■ Task description ■
Copy out each line below verbatim, skipping any picture.

*** Opening Information ***

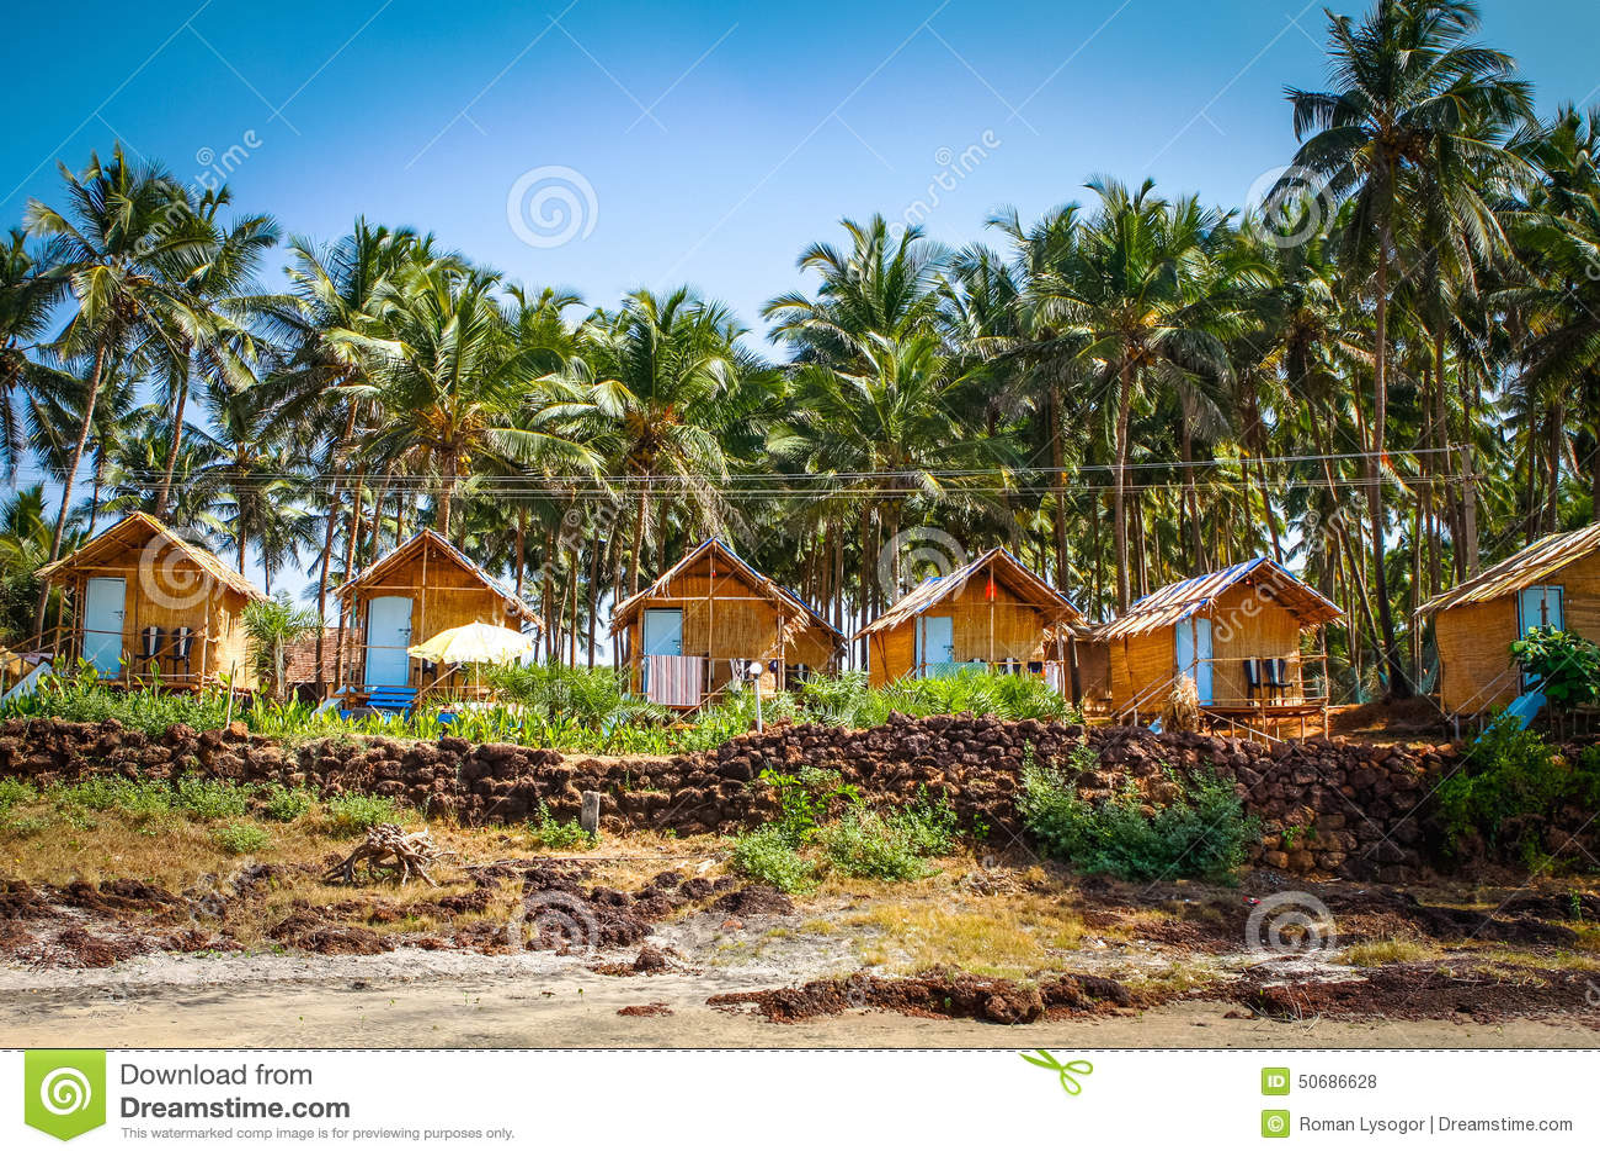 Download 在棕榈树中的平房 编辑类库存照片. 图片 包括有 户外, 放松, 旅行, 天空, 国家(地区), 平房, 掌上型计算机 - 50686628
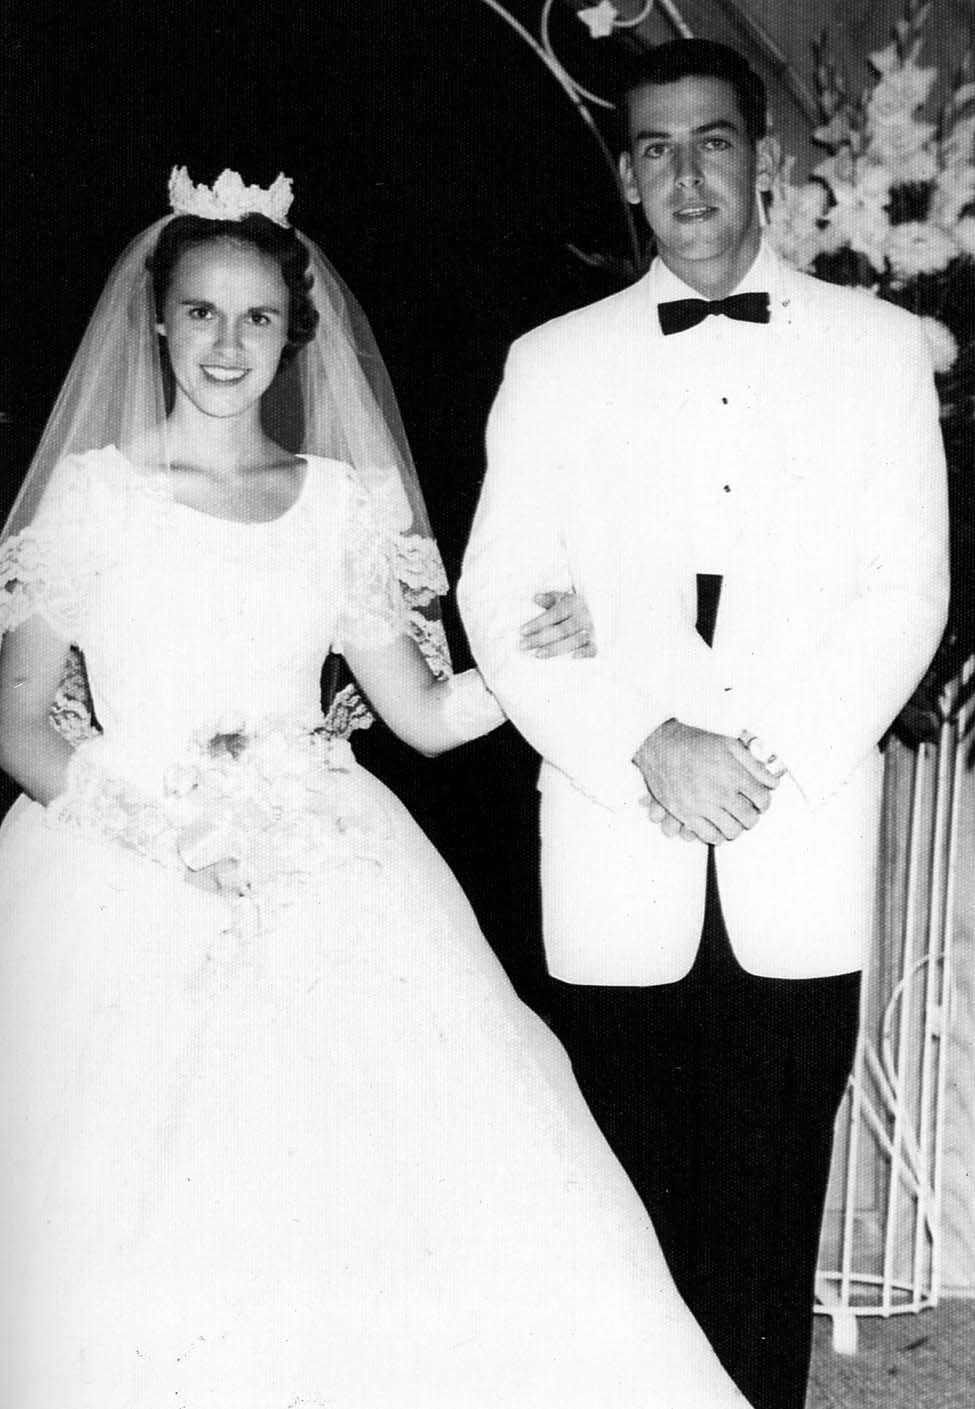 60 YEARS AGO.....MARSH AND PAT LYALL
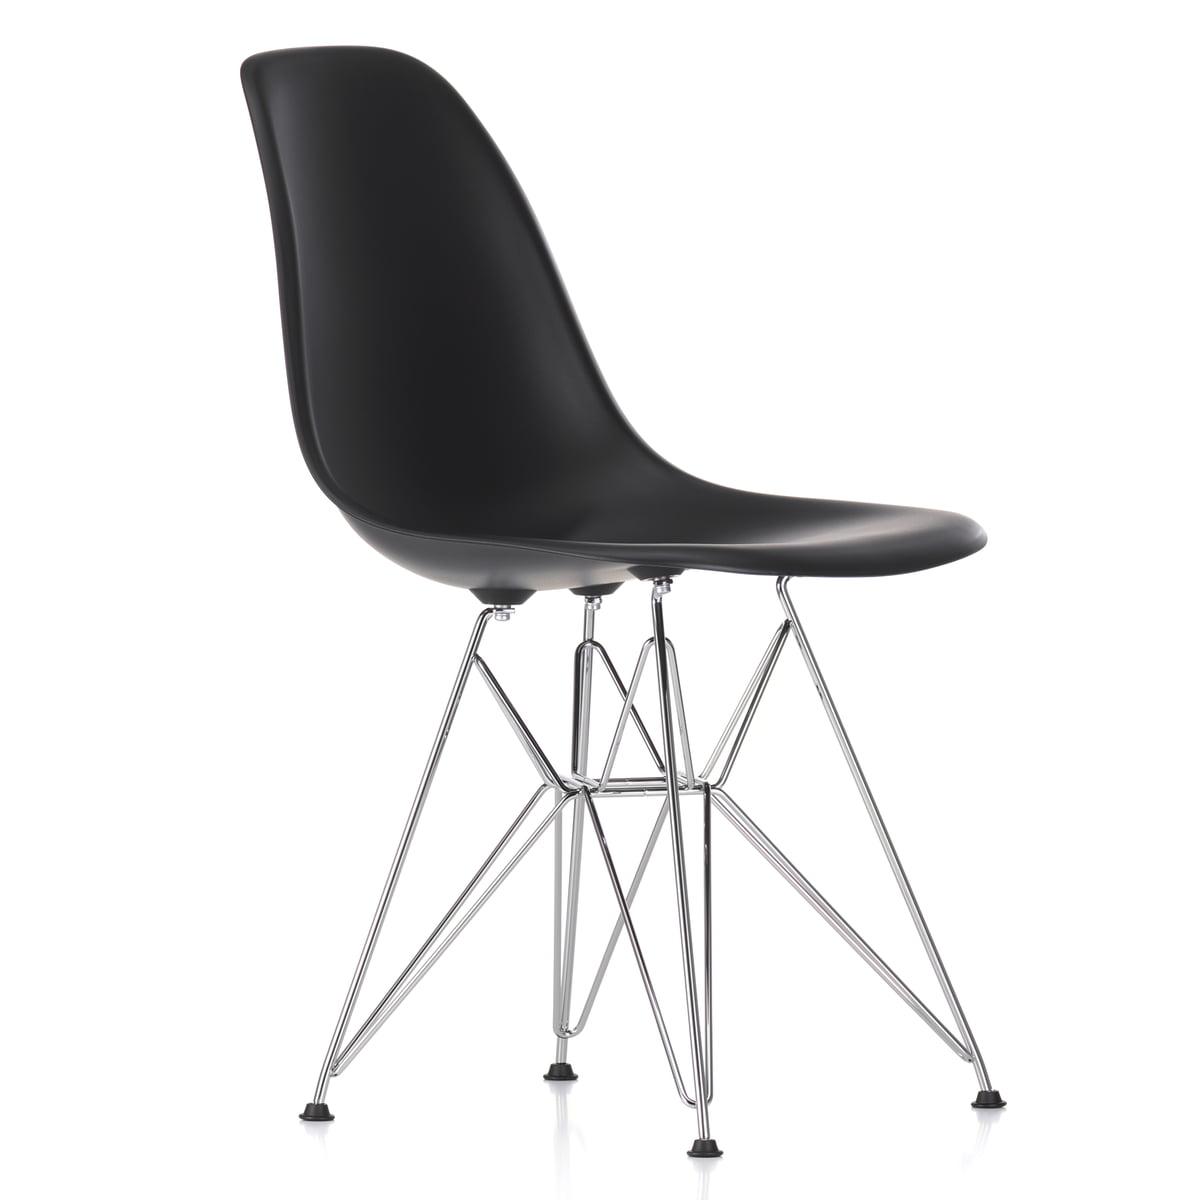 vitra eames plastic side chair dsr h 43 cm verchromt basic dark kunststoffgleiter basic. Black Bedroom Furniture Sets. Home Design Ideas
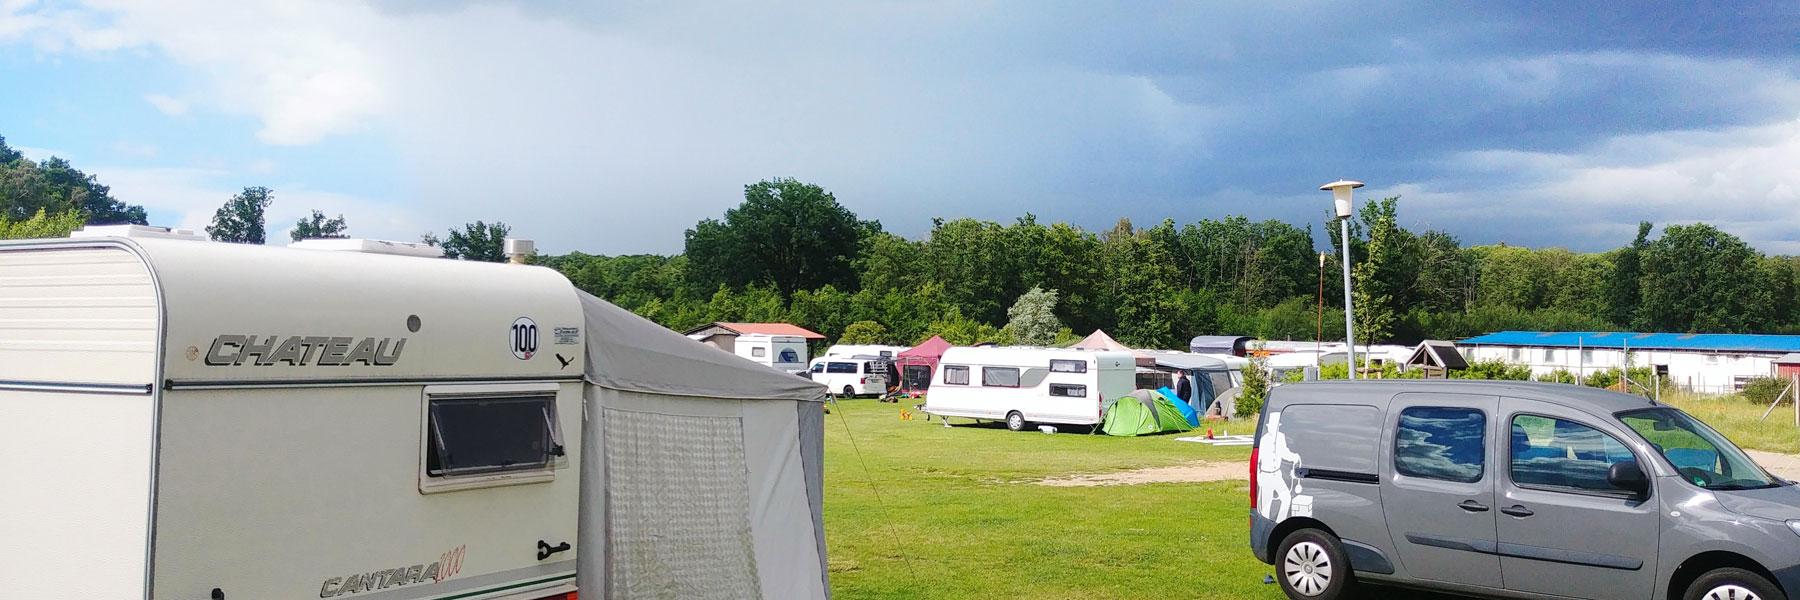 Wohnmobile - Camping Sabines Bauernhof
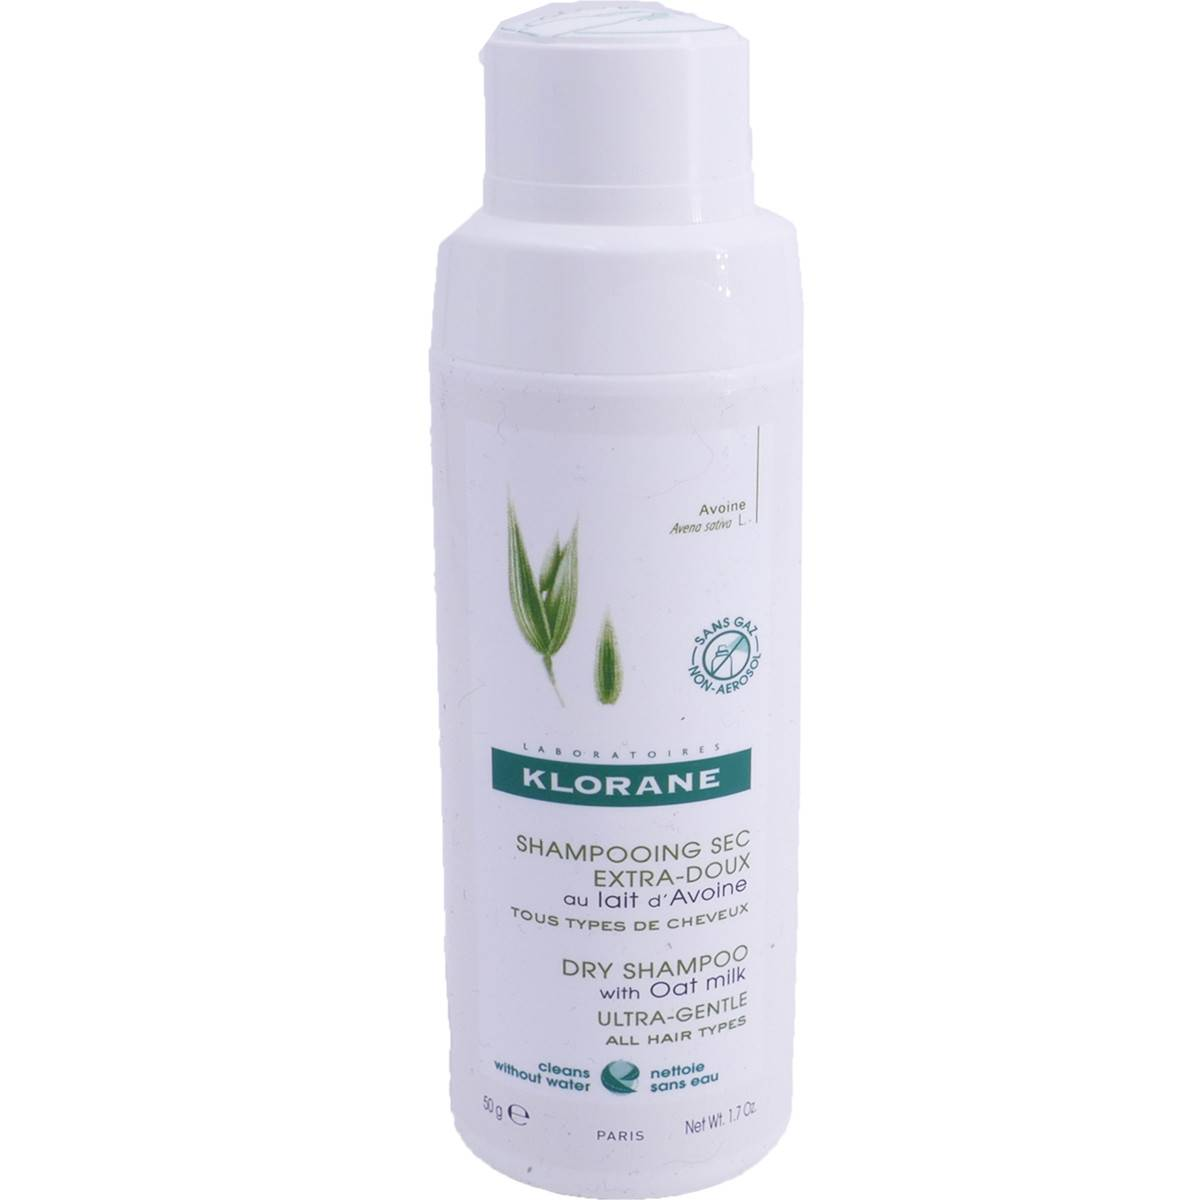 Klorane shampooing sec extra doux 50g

*** Closing Information ***

■ Result for this task ■
 Download 在棕榈树中的平房 编辑类库存照片. 图片 包括有 户外, 放松, 旅行, 天空, 国家(地区), 平房, 掌上型计算机 - 50686628
 60 YEARS AGO.....MARSH AND PAT LYALL
 vitra eames plastic side chair dsr h 43 cm verchromt basic dark kunststoffgleiter basic. Black Bedroom Furniture Sets. Home Design Ideas
 Wohnmobile - Camping Sabines Bauernhof
 Klorane shampooing sec extra doux 50g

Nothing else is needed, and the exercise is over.